- _Goal of the exercise_: Apart from the pictures, the listing is to be returned exactly.

[Source material]

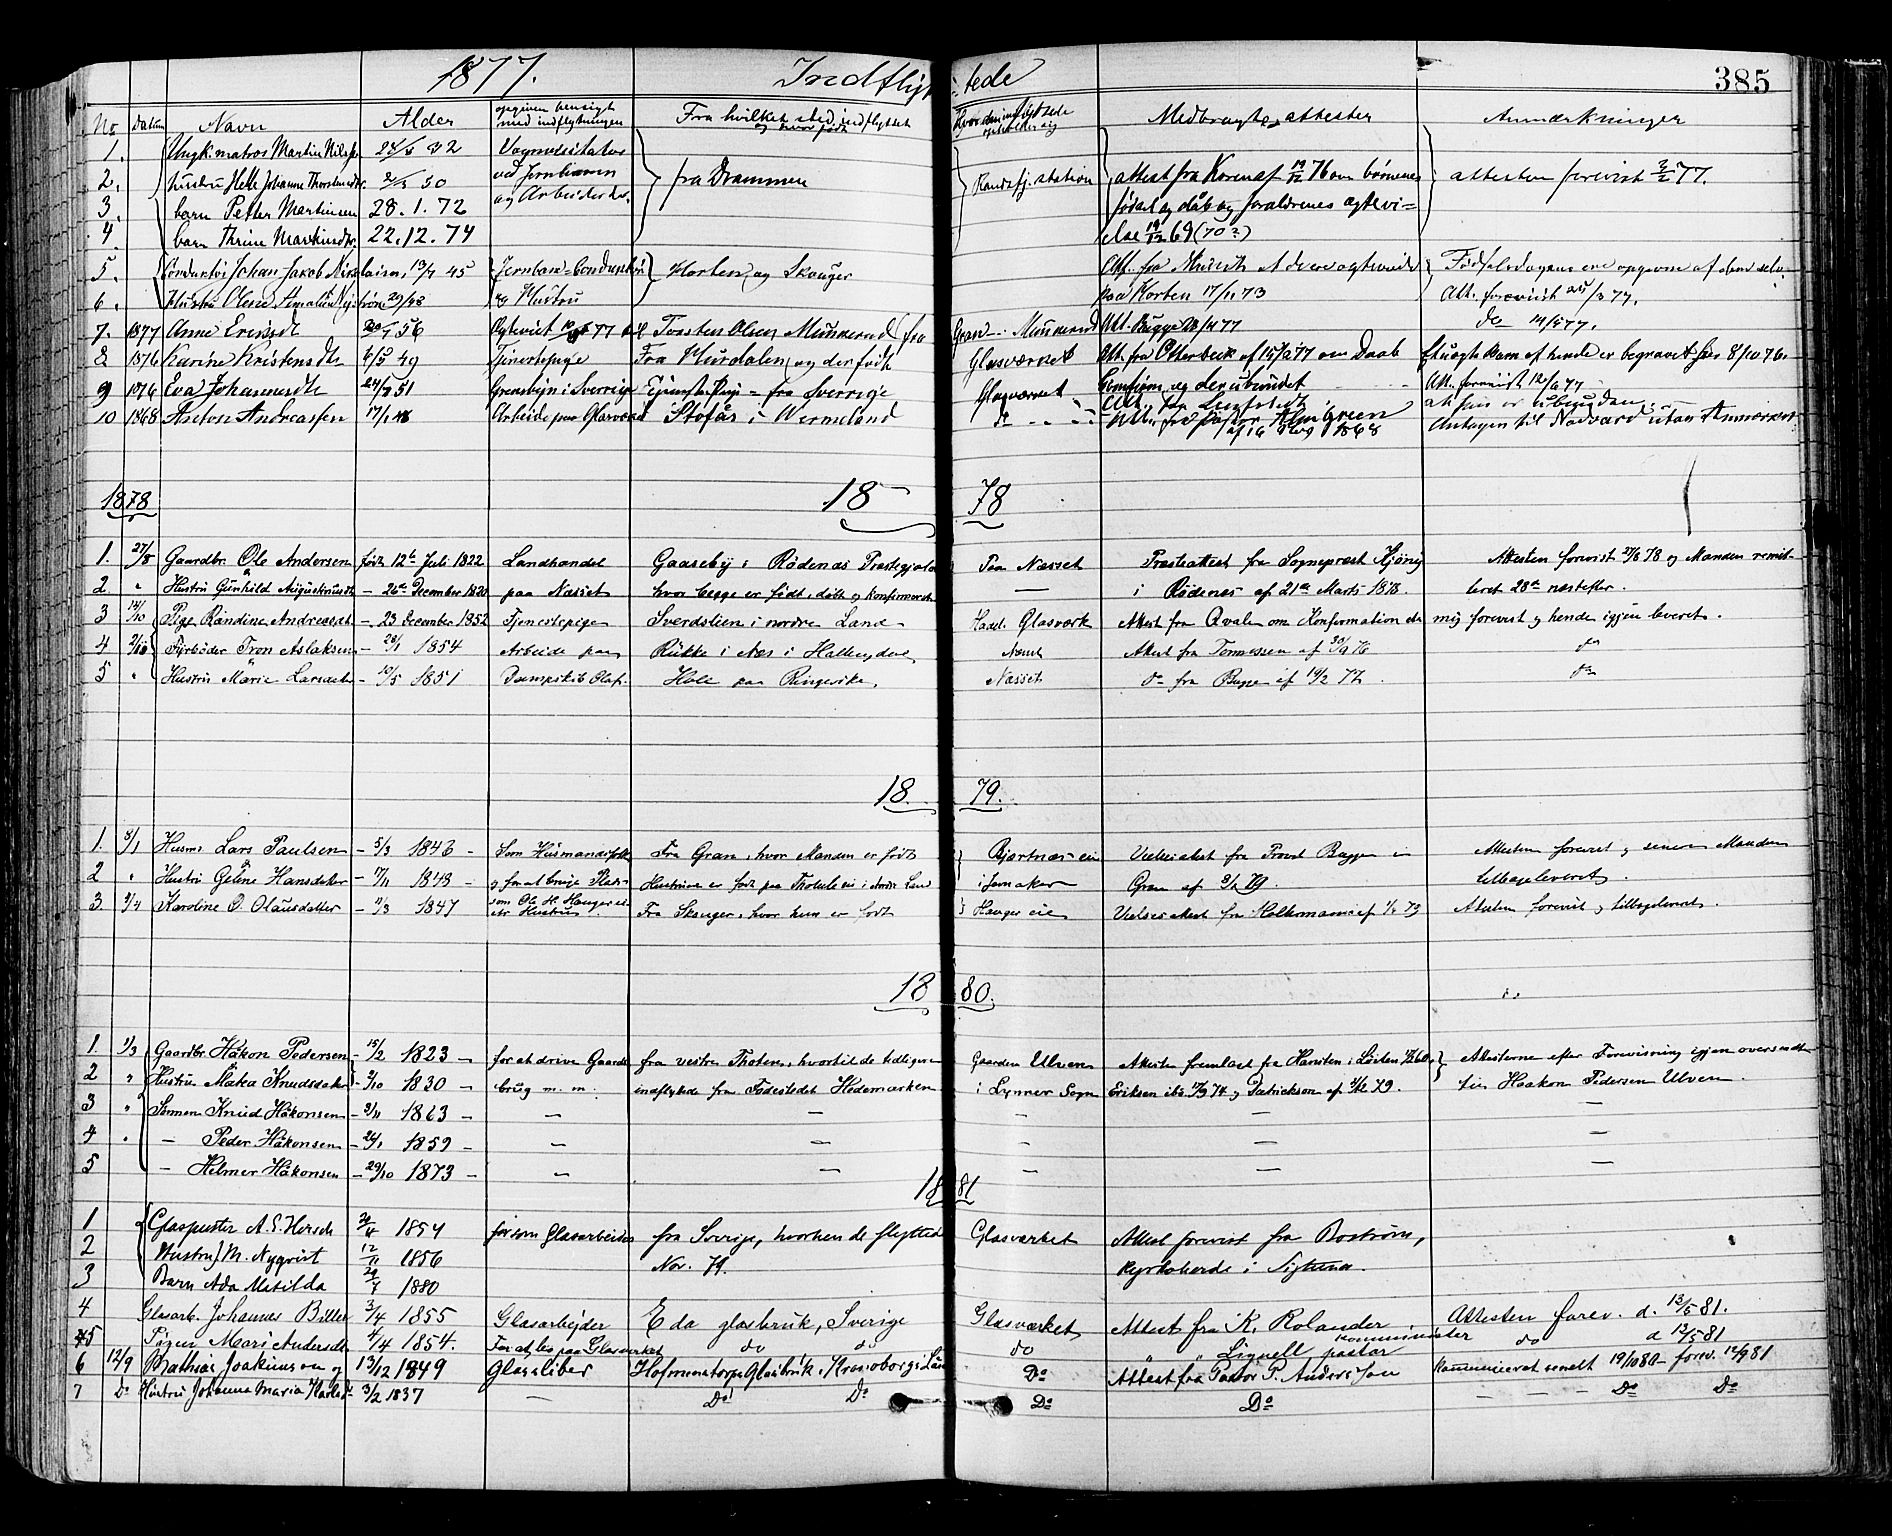 SAH, Jevnaker prestekontor, Ministerialbok nr. 8, 1877-1890, s. 385
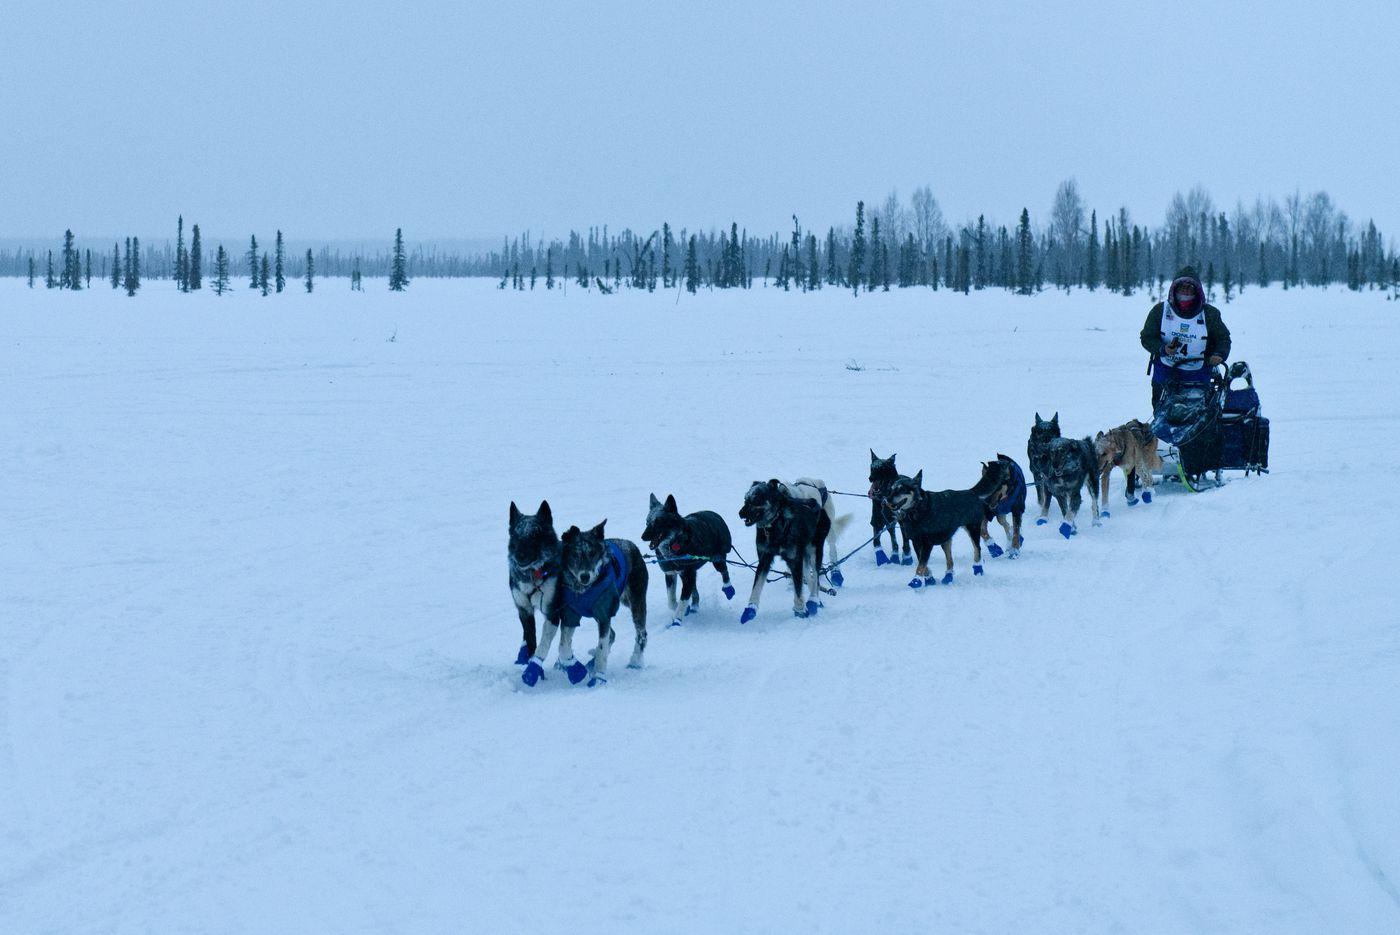 Jessie Royer reaches Deshka Landing to finish Iditarod on March 15, 2021. (Marc Lester / ADN)
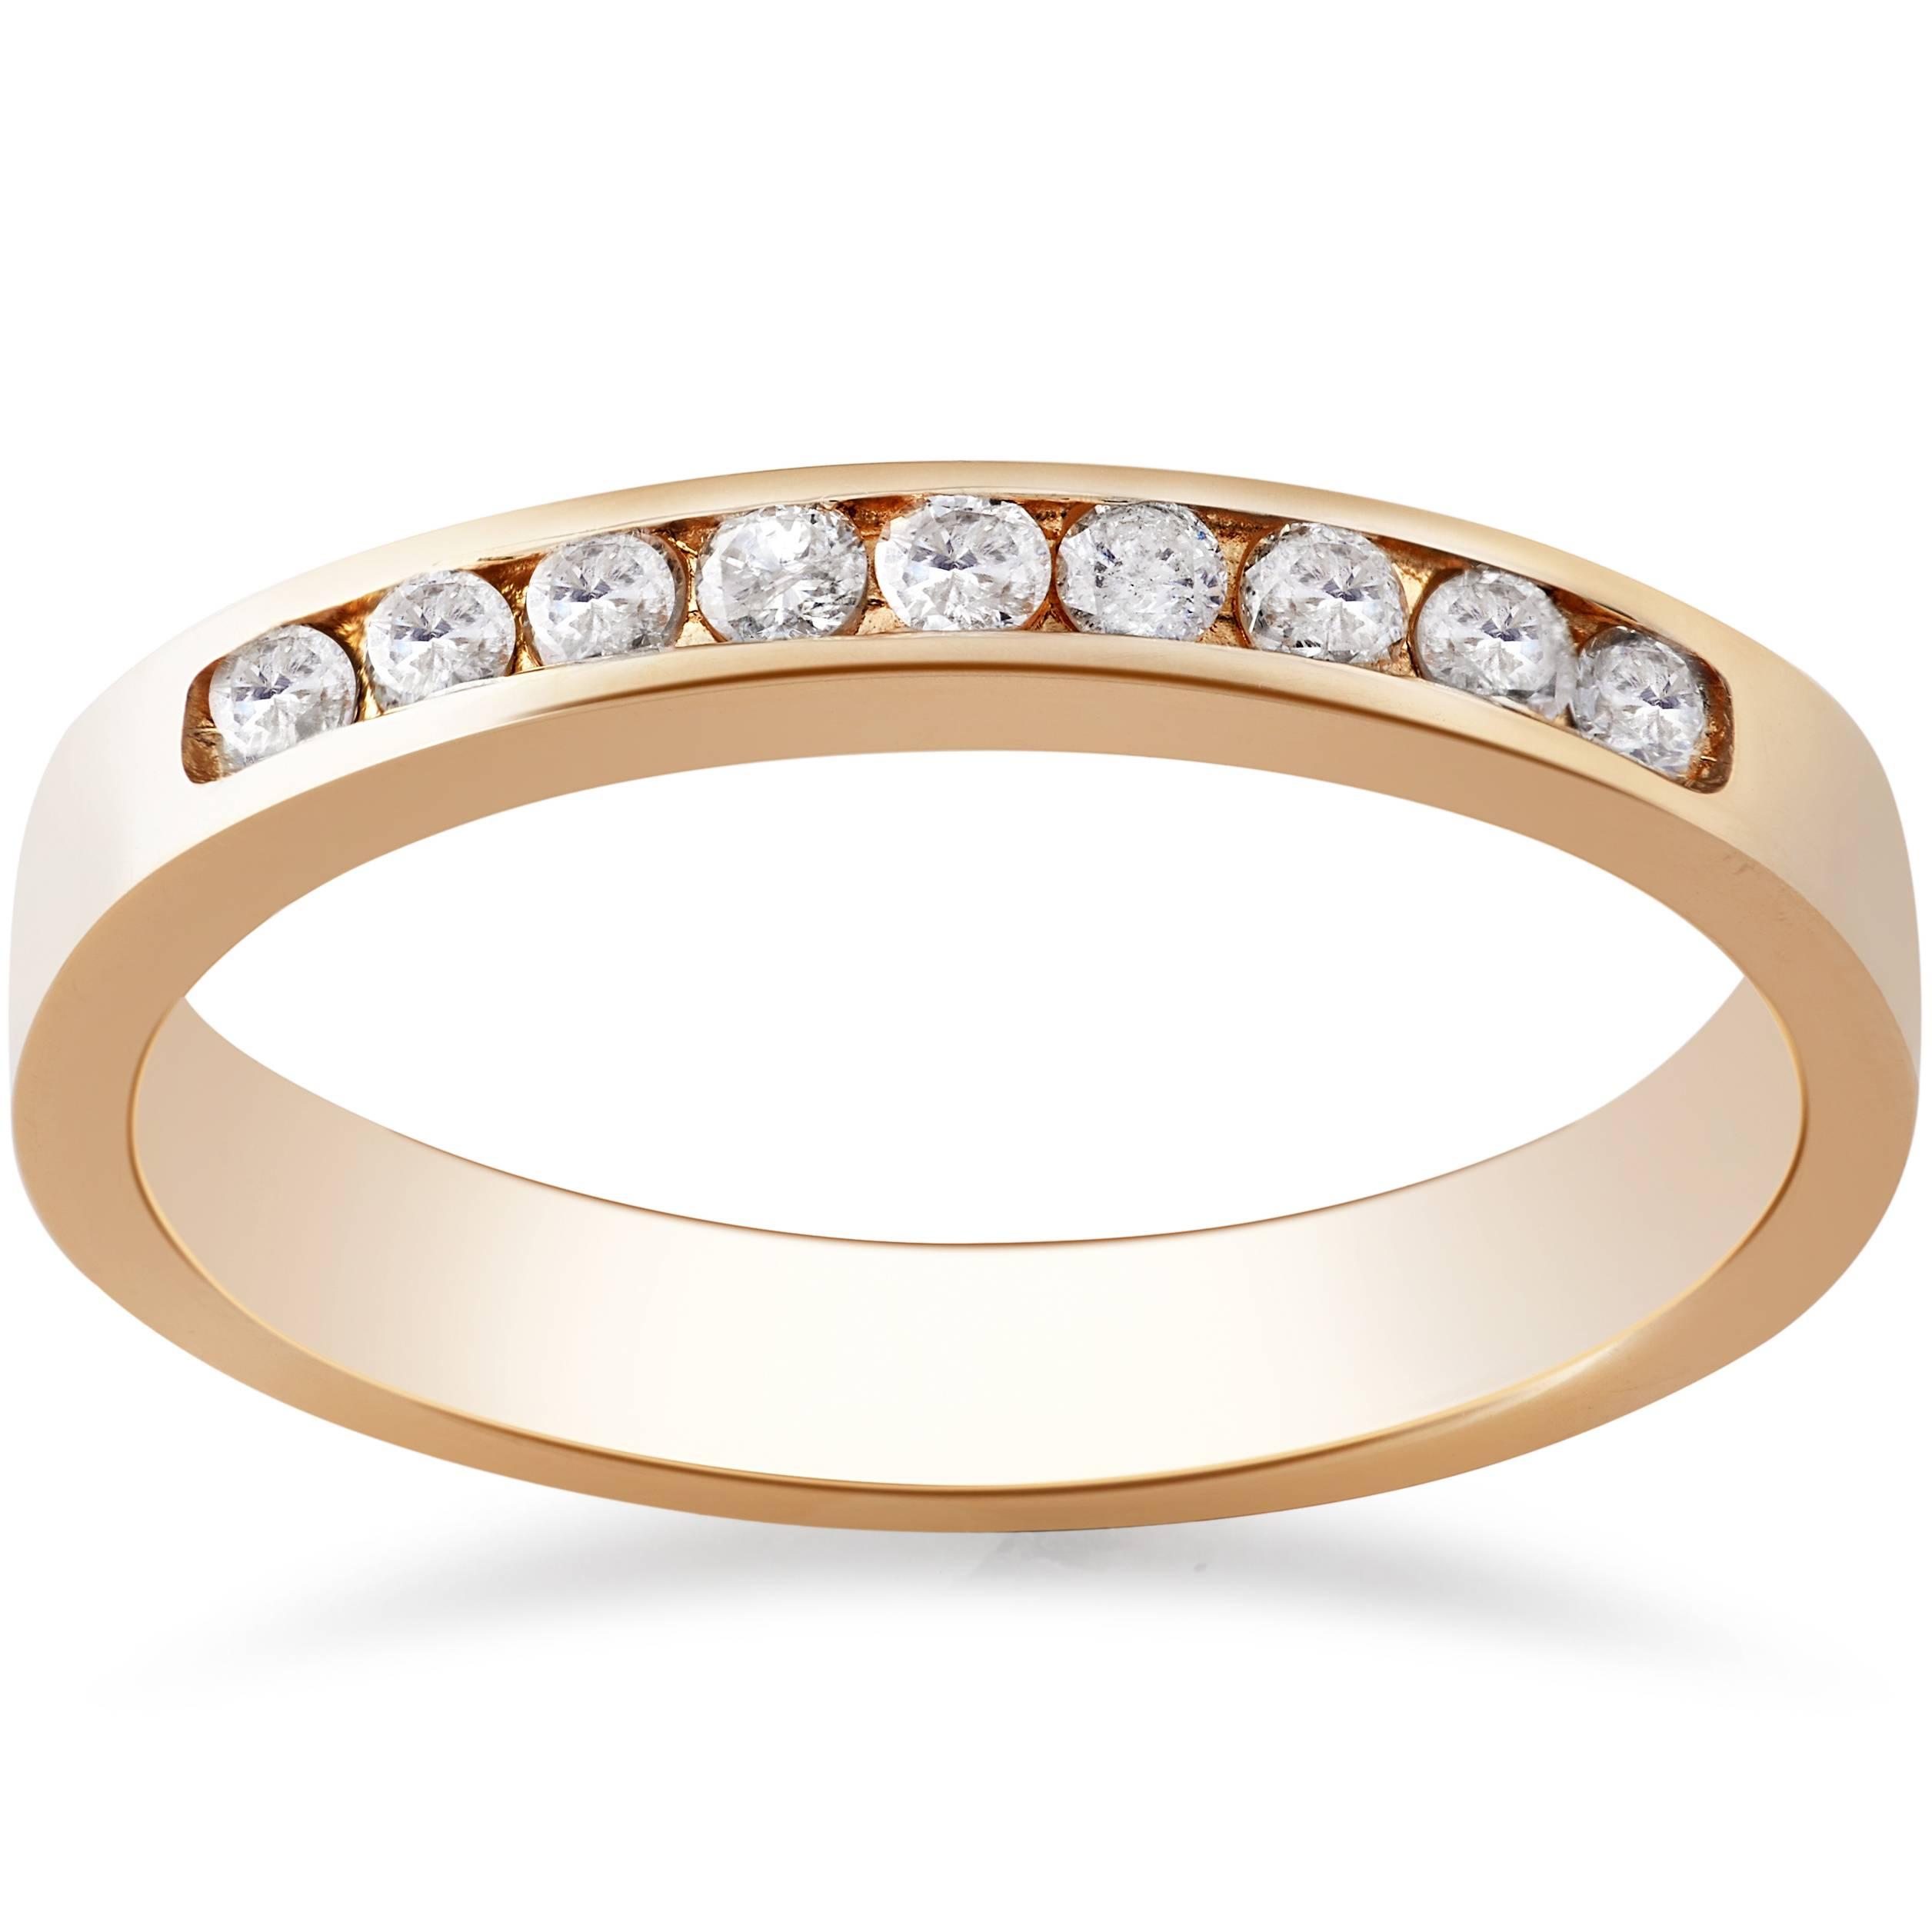 G SI 1 4ct Channel Set Lab Created Diamond Wedding Ring 14K Rose Gold

[/Source material]

- _Written response_:
 SAH, Jevnaker prestekontor, Ministerialbok nr. 8, 1877-1890, s. 385
 Jessie Royer reaches Deshka Landing to finish Iditarod on March 15, 2021. (Marc Lester / ADN)
 G SI 1 4ct Channel Set Lab Created Diamond Wedding Ring 14K Rose Gold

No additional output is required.